Using libraries as a model, the Archive's mission is to preserve digital collections and to offer permanent access, preventing "born-digital" materials from disappearing into the past. For this reason, it collects Internet sites and other cultural artefacts in digital form and ensures their persistence.
However, collection proceeds in a rather passive way as the Internet Archive relies on donations. Thereby, a comprehensive approach is pursued, since no material is deliberately shut out of the archive. A core contributer has been Alexa Internet, a company that provides information about web-sites and about products on web-pages. In order to maintain its services for navigation on the web, Alexa gathers 100 gigabytes of publicly available data per day, having no restrictions on the scope of the documents whatsoever. Yet, the material is not transferred to the Internet Archive's repository before a period of six months has passed. Thereby, 40 terabyte of the open-access World Wide Web have been acquired. Aside this collection documenting the history of the web, however, other contributers have also donated digital material, e.g. archival movies or a historical documentation of the Arpanet.
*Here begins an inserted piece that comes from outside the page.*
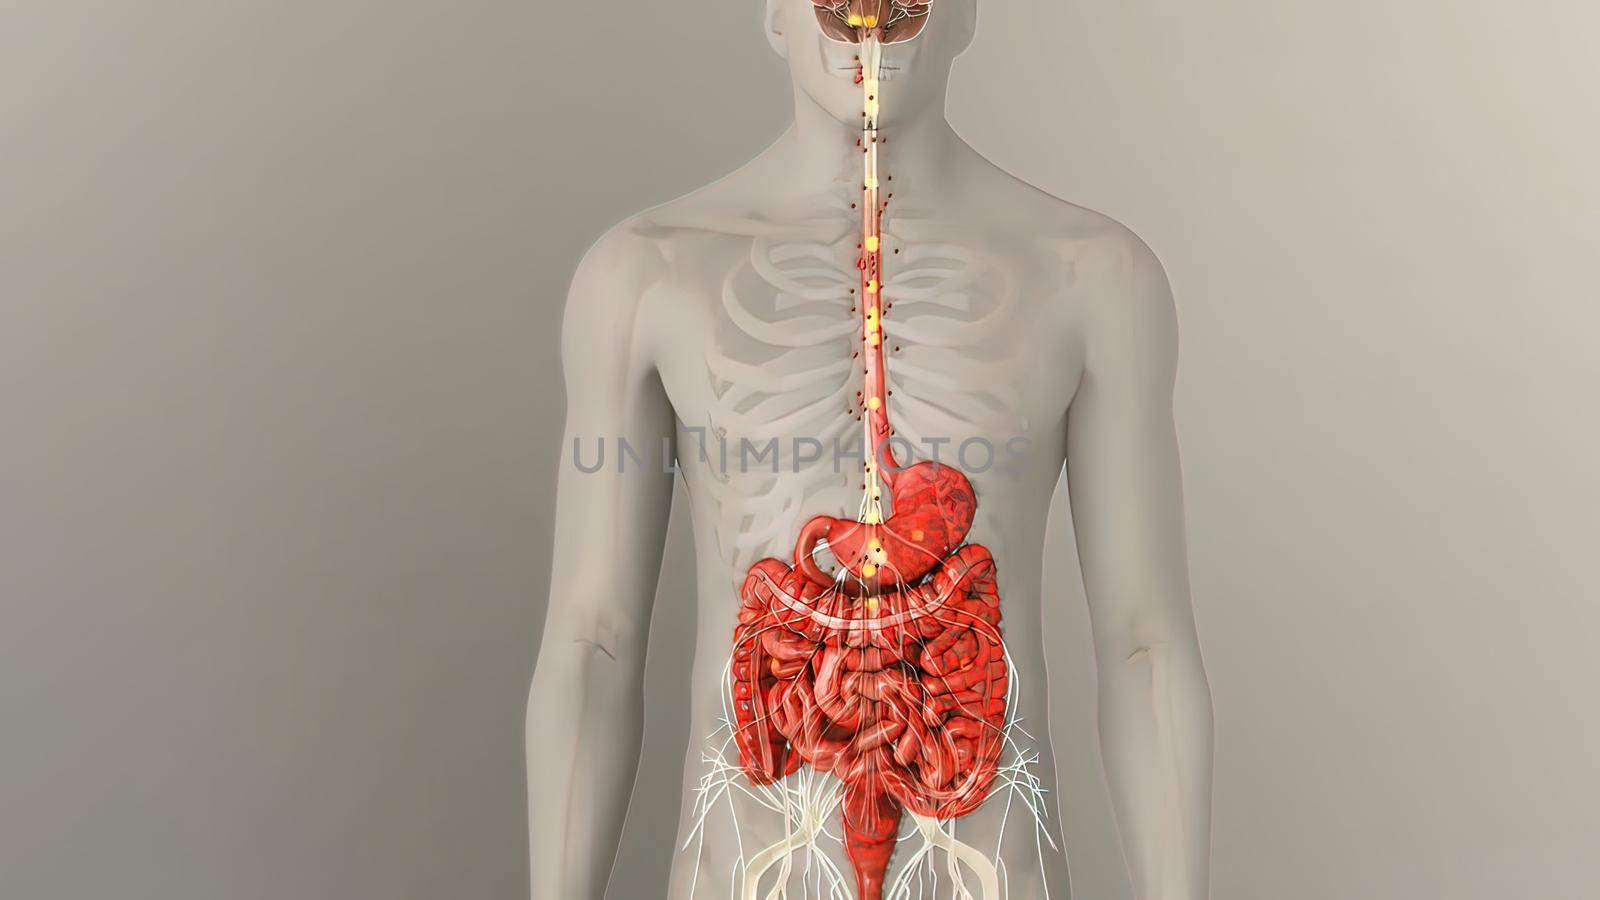 Anatomy of human digestive system guts and stomach by creativepic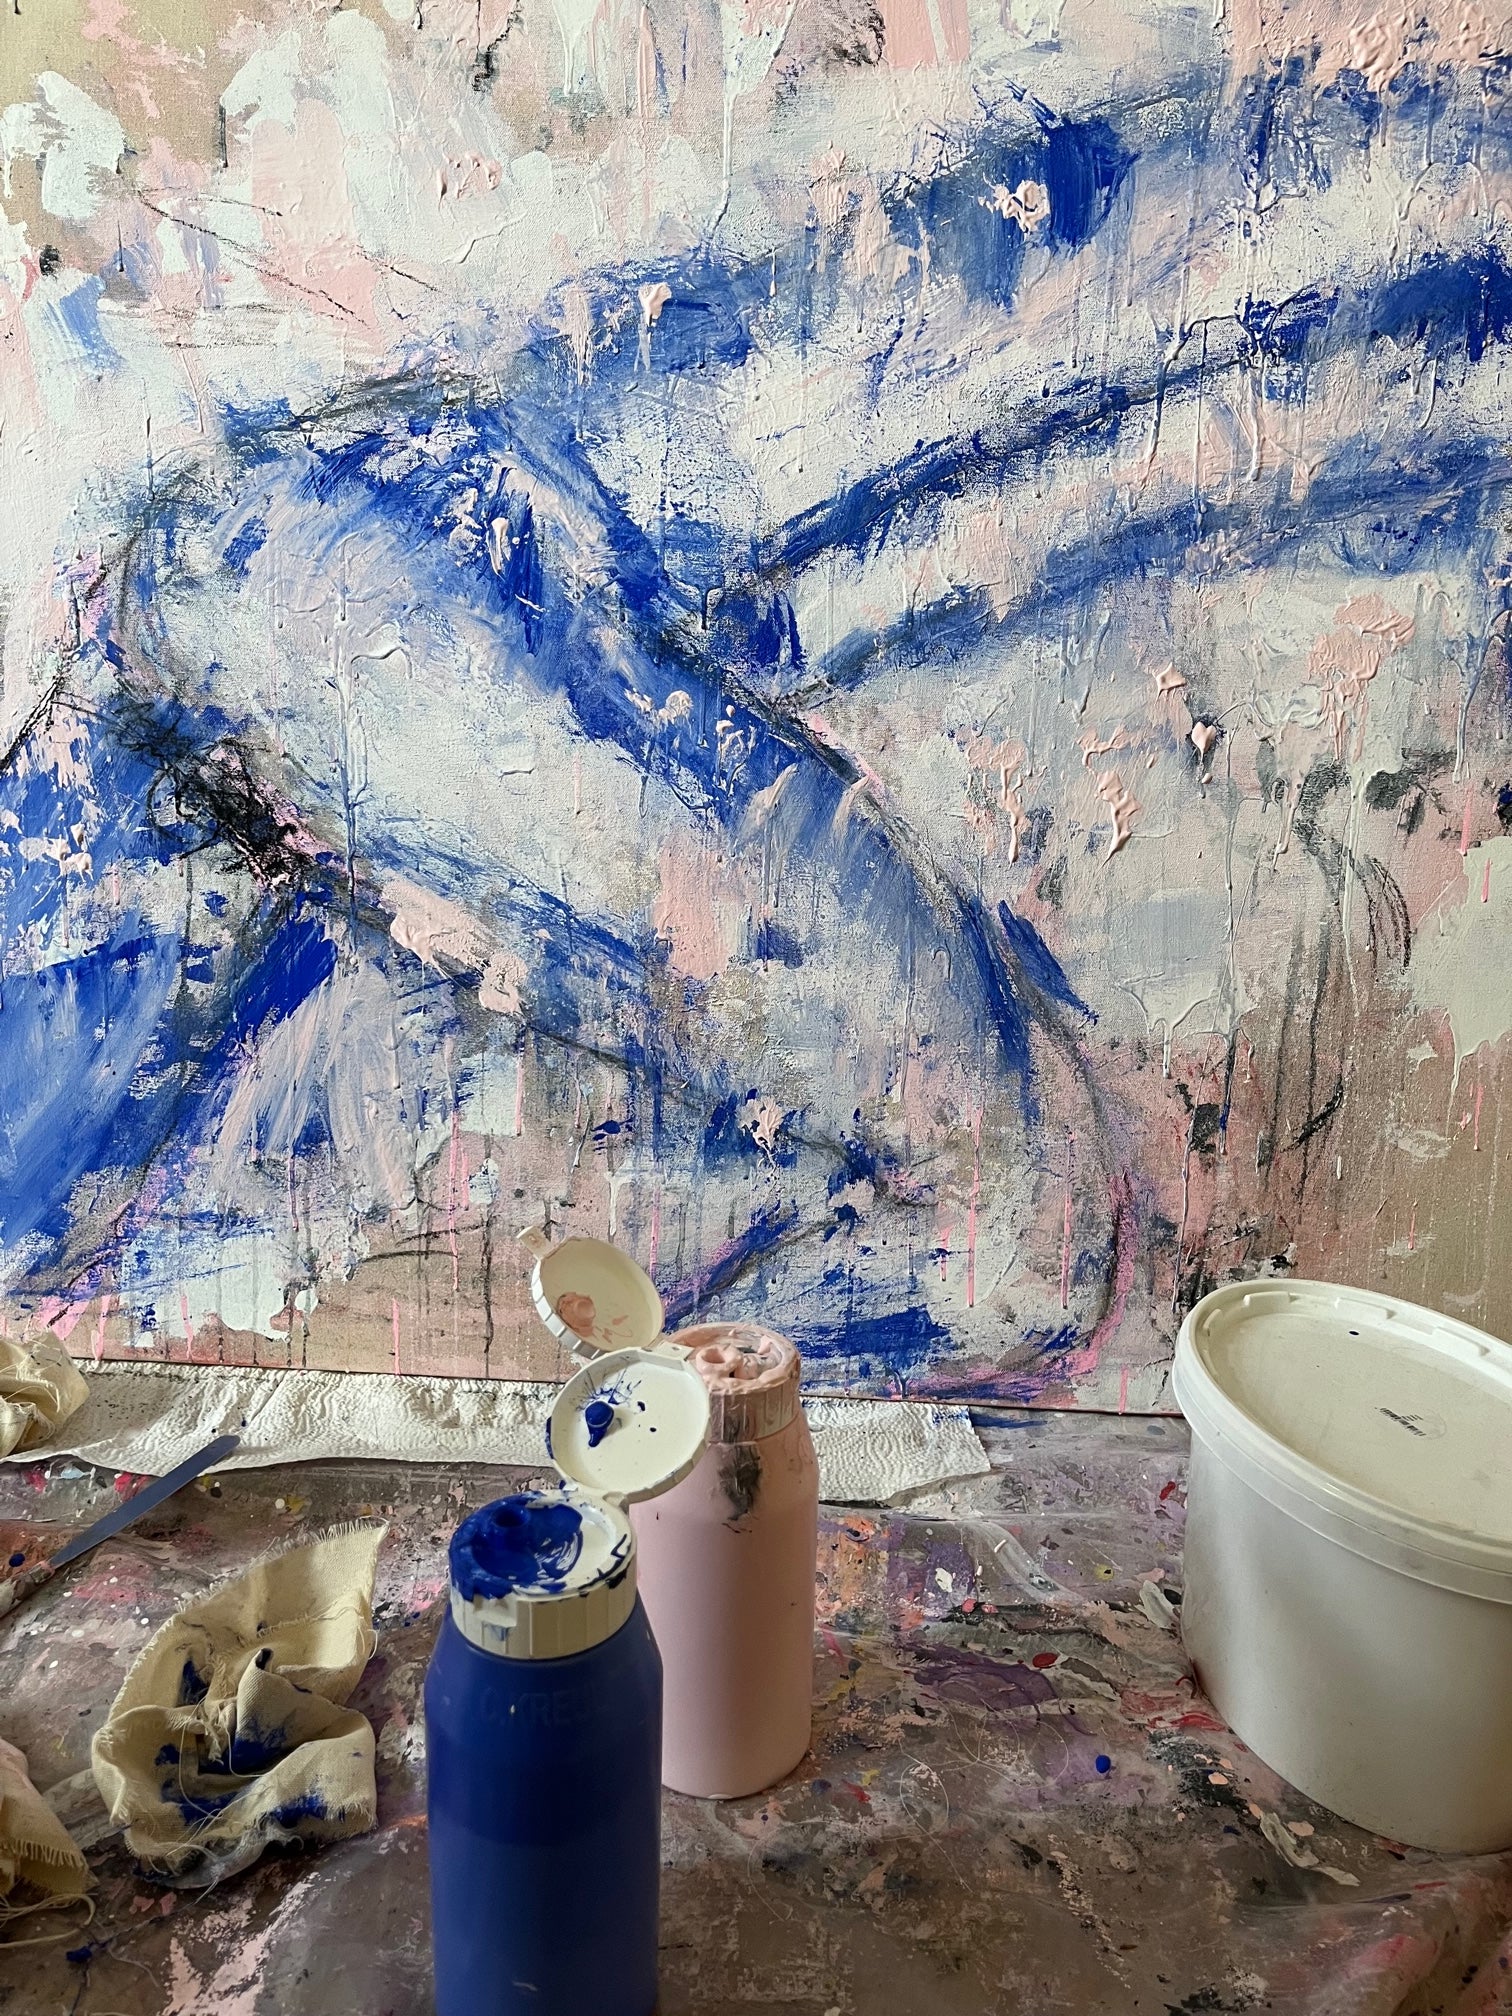 "Abstraction, Figuration and Emotion" Painting Workshop with visual artist Katja in Munich, Germany

These massive amounts of data are stored on tapes, yet, as desktop computers become cheaper it proved a feasible approach to connect several rather small scale hosts to a cluster. To ensure the longevity of the repository, the data is copied to new storage media at least every ten years. By maintaining copies at multiple sites accidents or natural disasters are counteracted. Additionally, software and emulators are collected to promote accessibility of the material in the future.
Access to the wealth of information in the archive is provided at no cost to researchers, historians, and scholars in the scope of projects. For the time being, a certain level of technical knowledge and programming skills is required for using the repository. Amongst others, the Smithsonian Institution, Xerox PARC, AT&T Labs, Cornell, Bellcore, and Rutgers University have made use of this possibility. The projects have engaged in diverse subjects such as the study of human languages, the growth of the Web, and the development of human information habits.